* **How to complete this task**: Write every line below out again, exactly as given, but leave out the pictures.

* **Provided material**:
/---
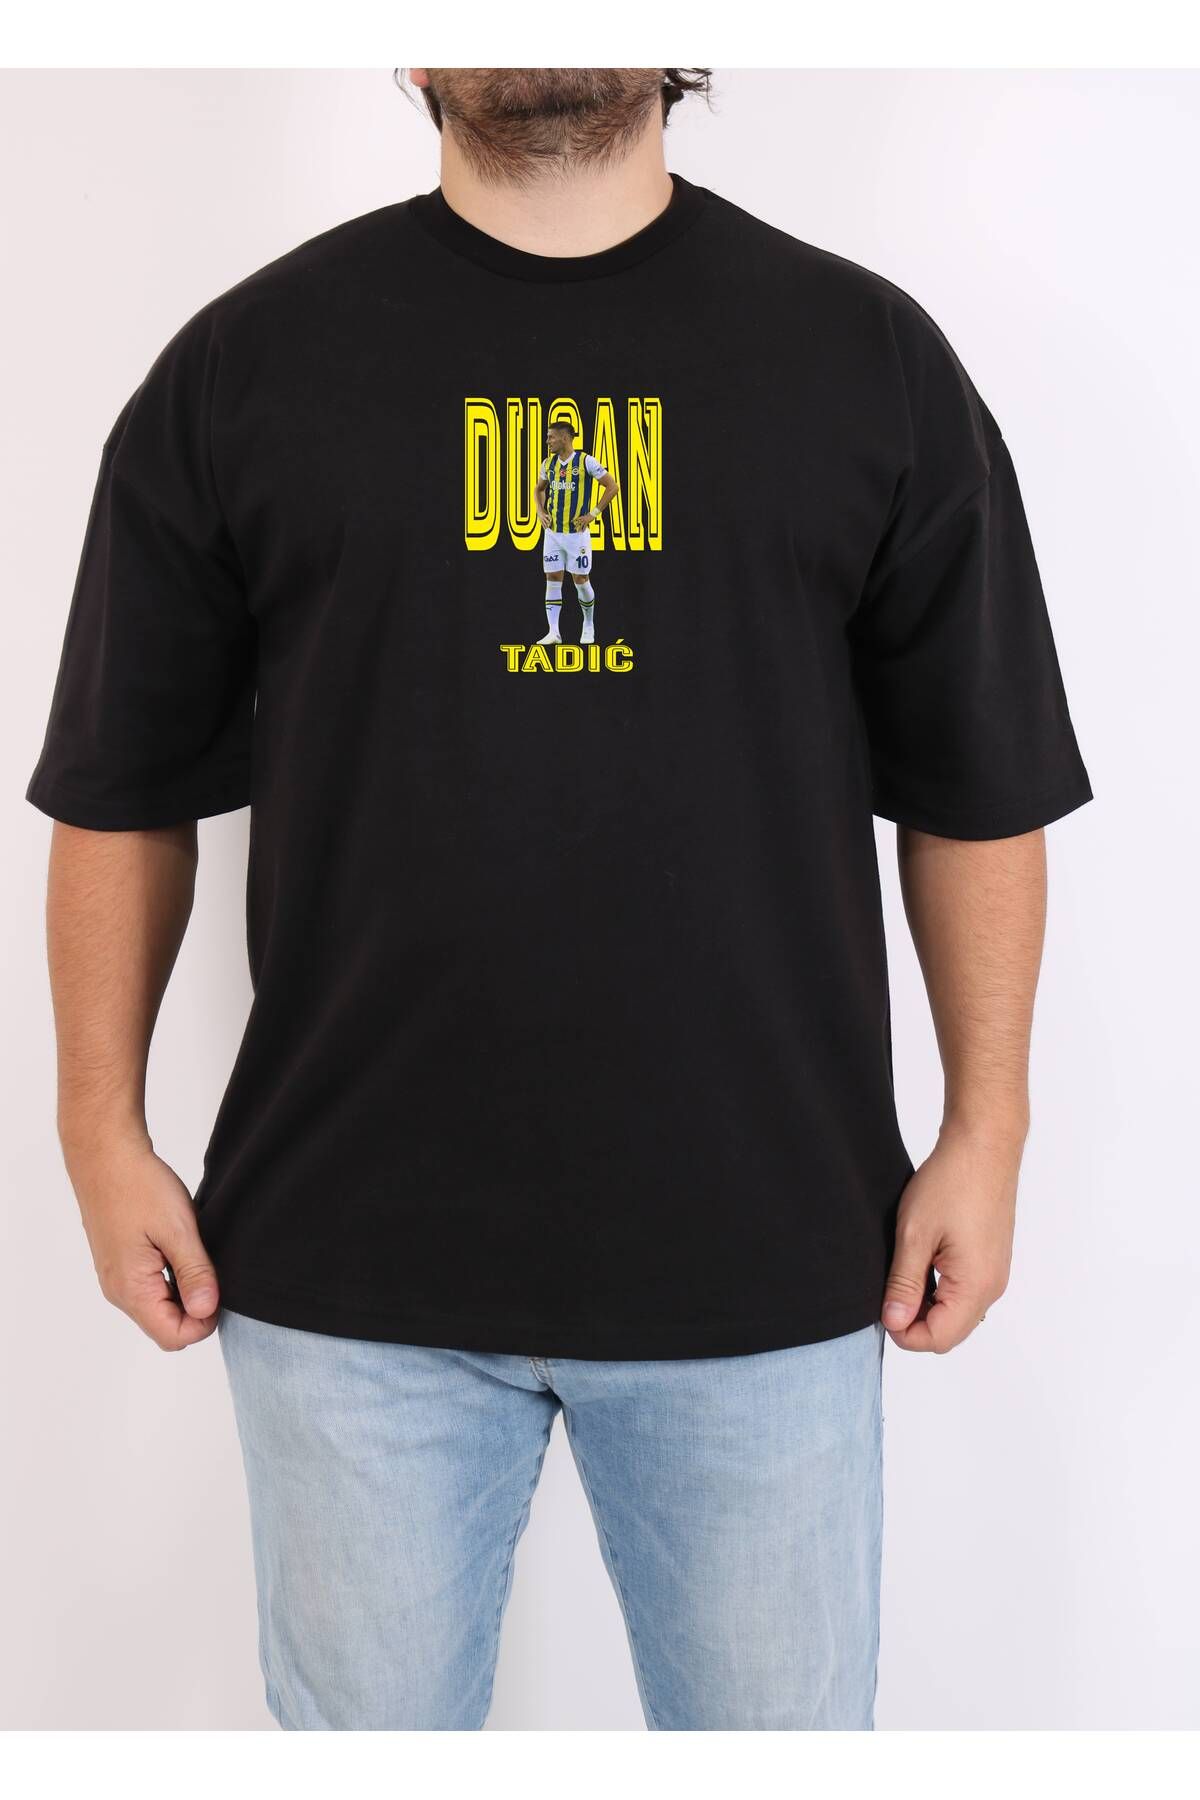 ByTheCoolest T-Shirt Tadic Baskılı Siyah 2iplik KalınT-shirt
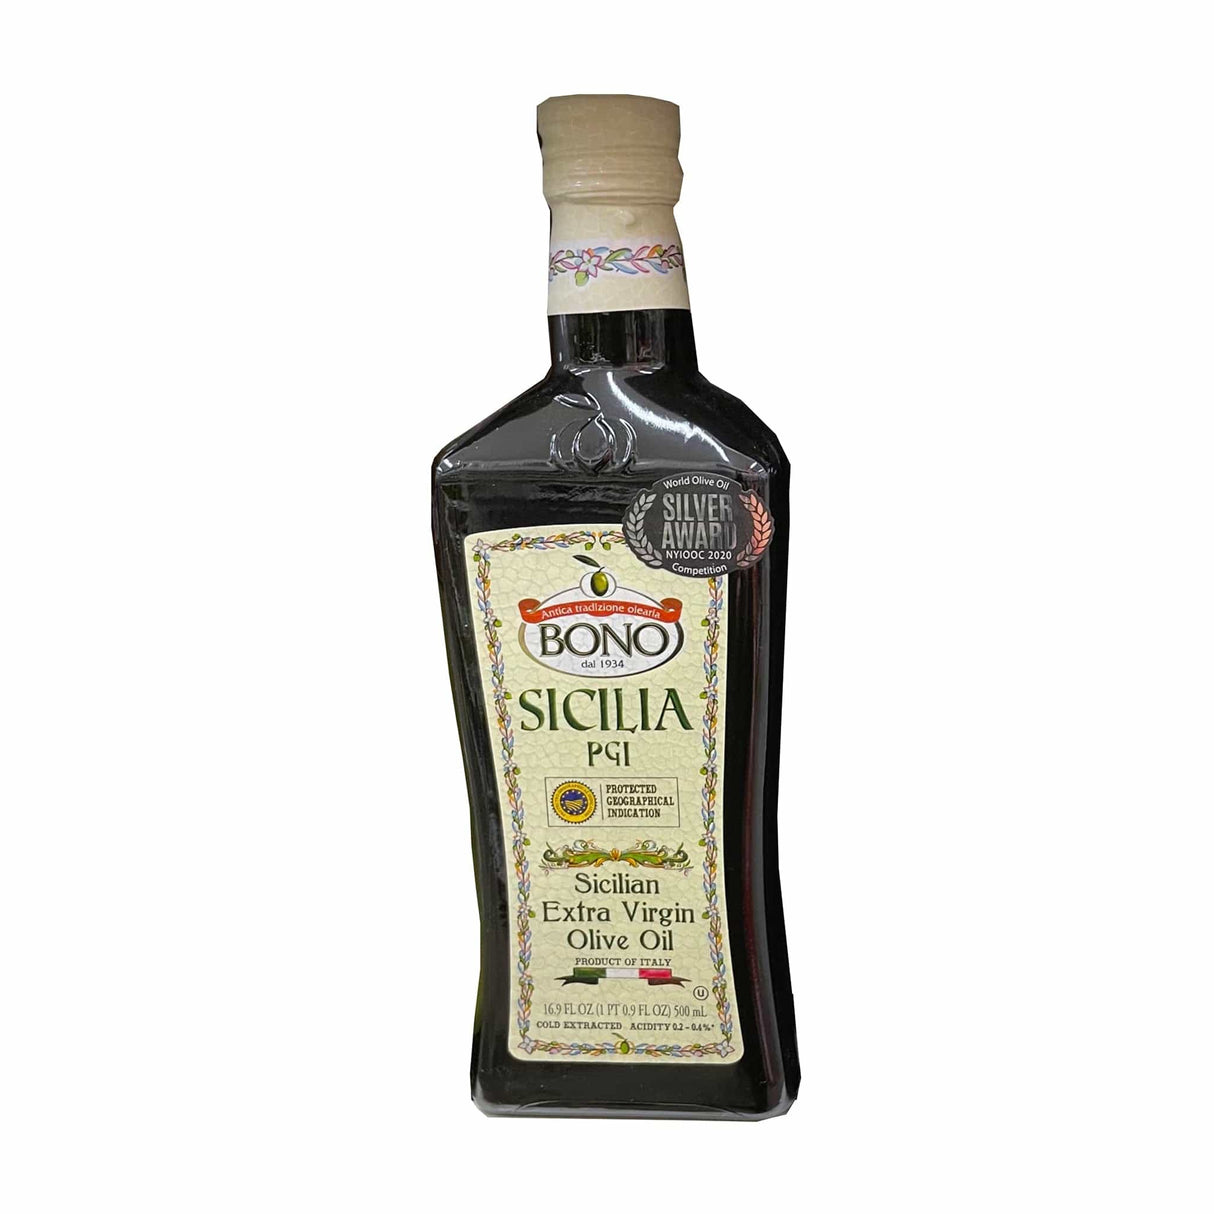 BONO Sicilia PGI Sicilian Extra Virgin Olive Oil
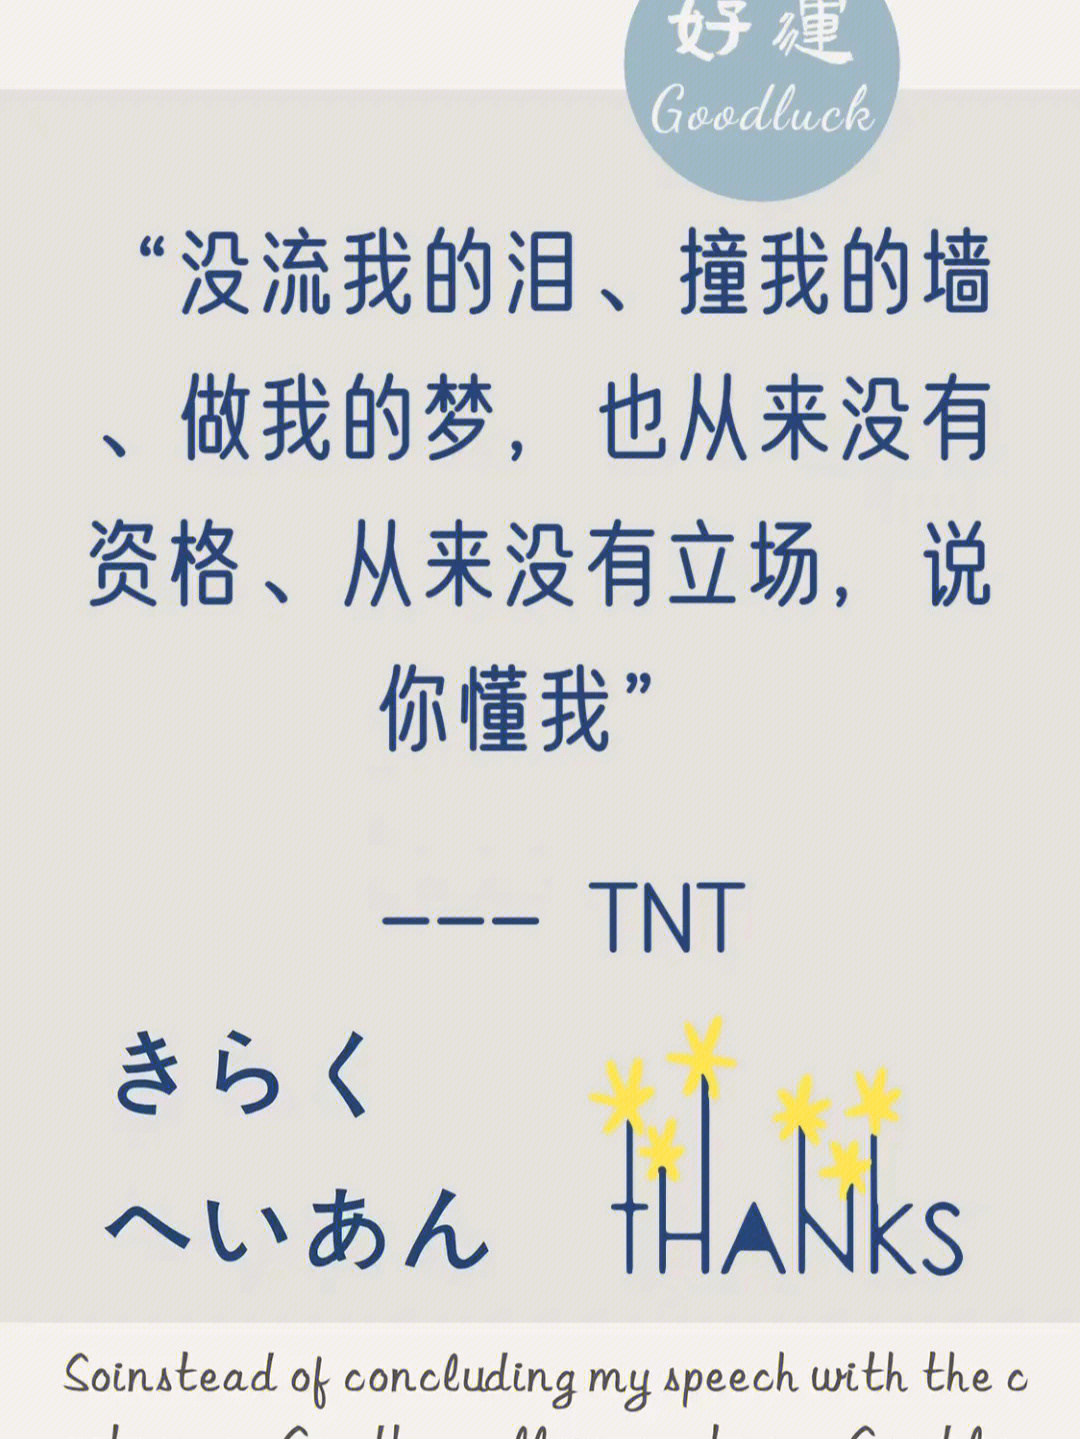 TNT神仙语录 句子图片
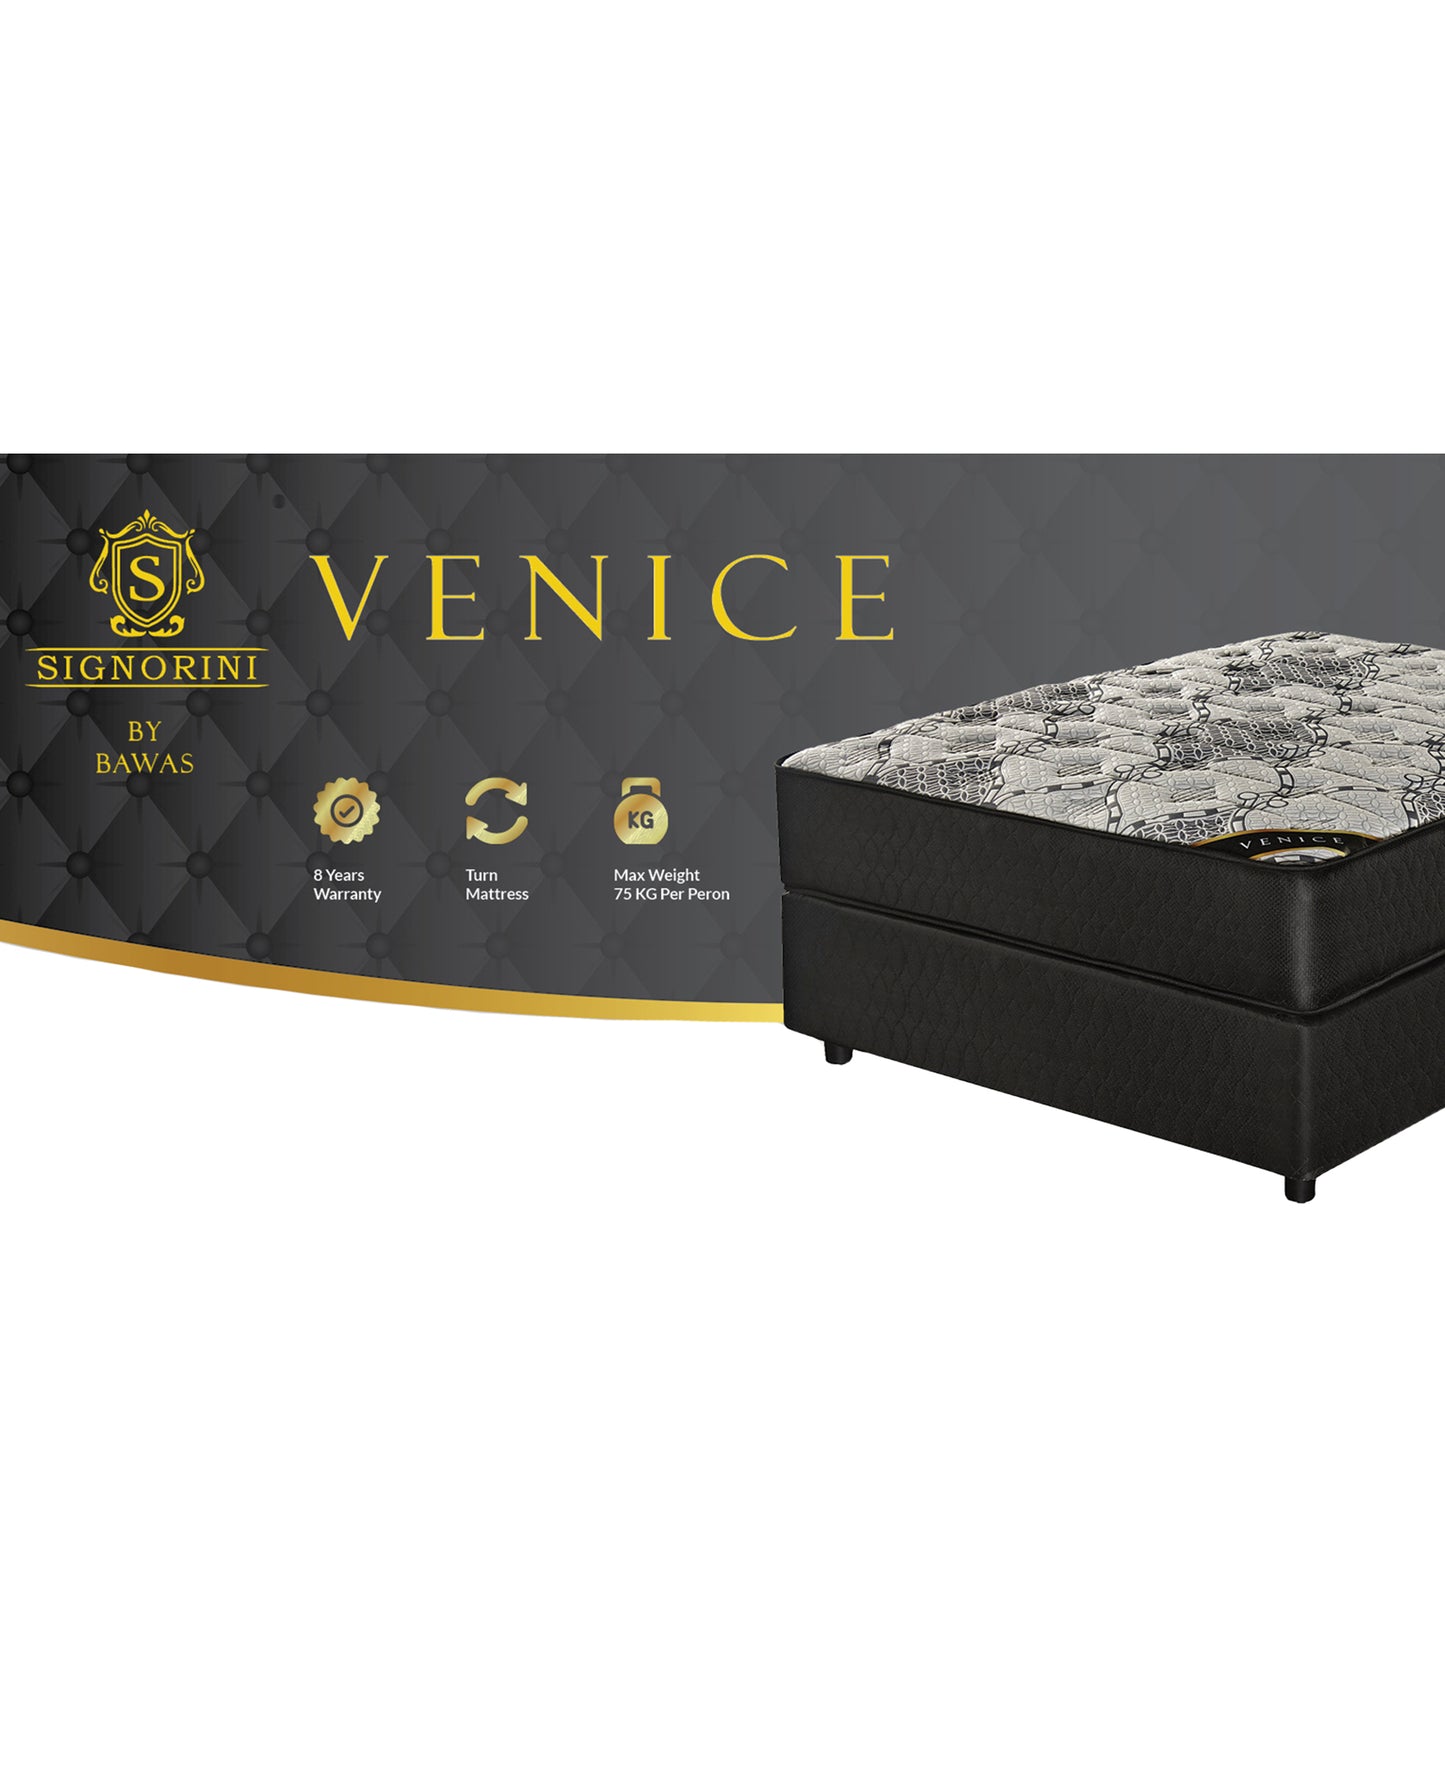 Signorini Venice Bed
\---
* **Exercise solution**:
 ByTheCoolest T-Shirt Tadic Baskılı Siyah 2iplik KalınT-shirt
 BONO Sicilia PGI Sicilian Extra Virgin Olive Oil
 TNT神仙语录 句子图片
 Signorini Venice Bed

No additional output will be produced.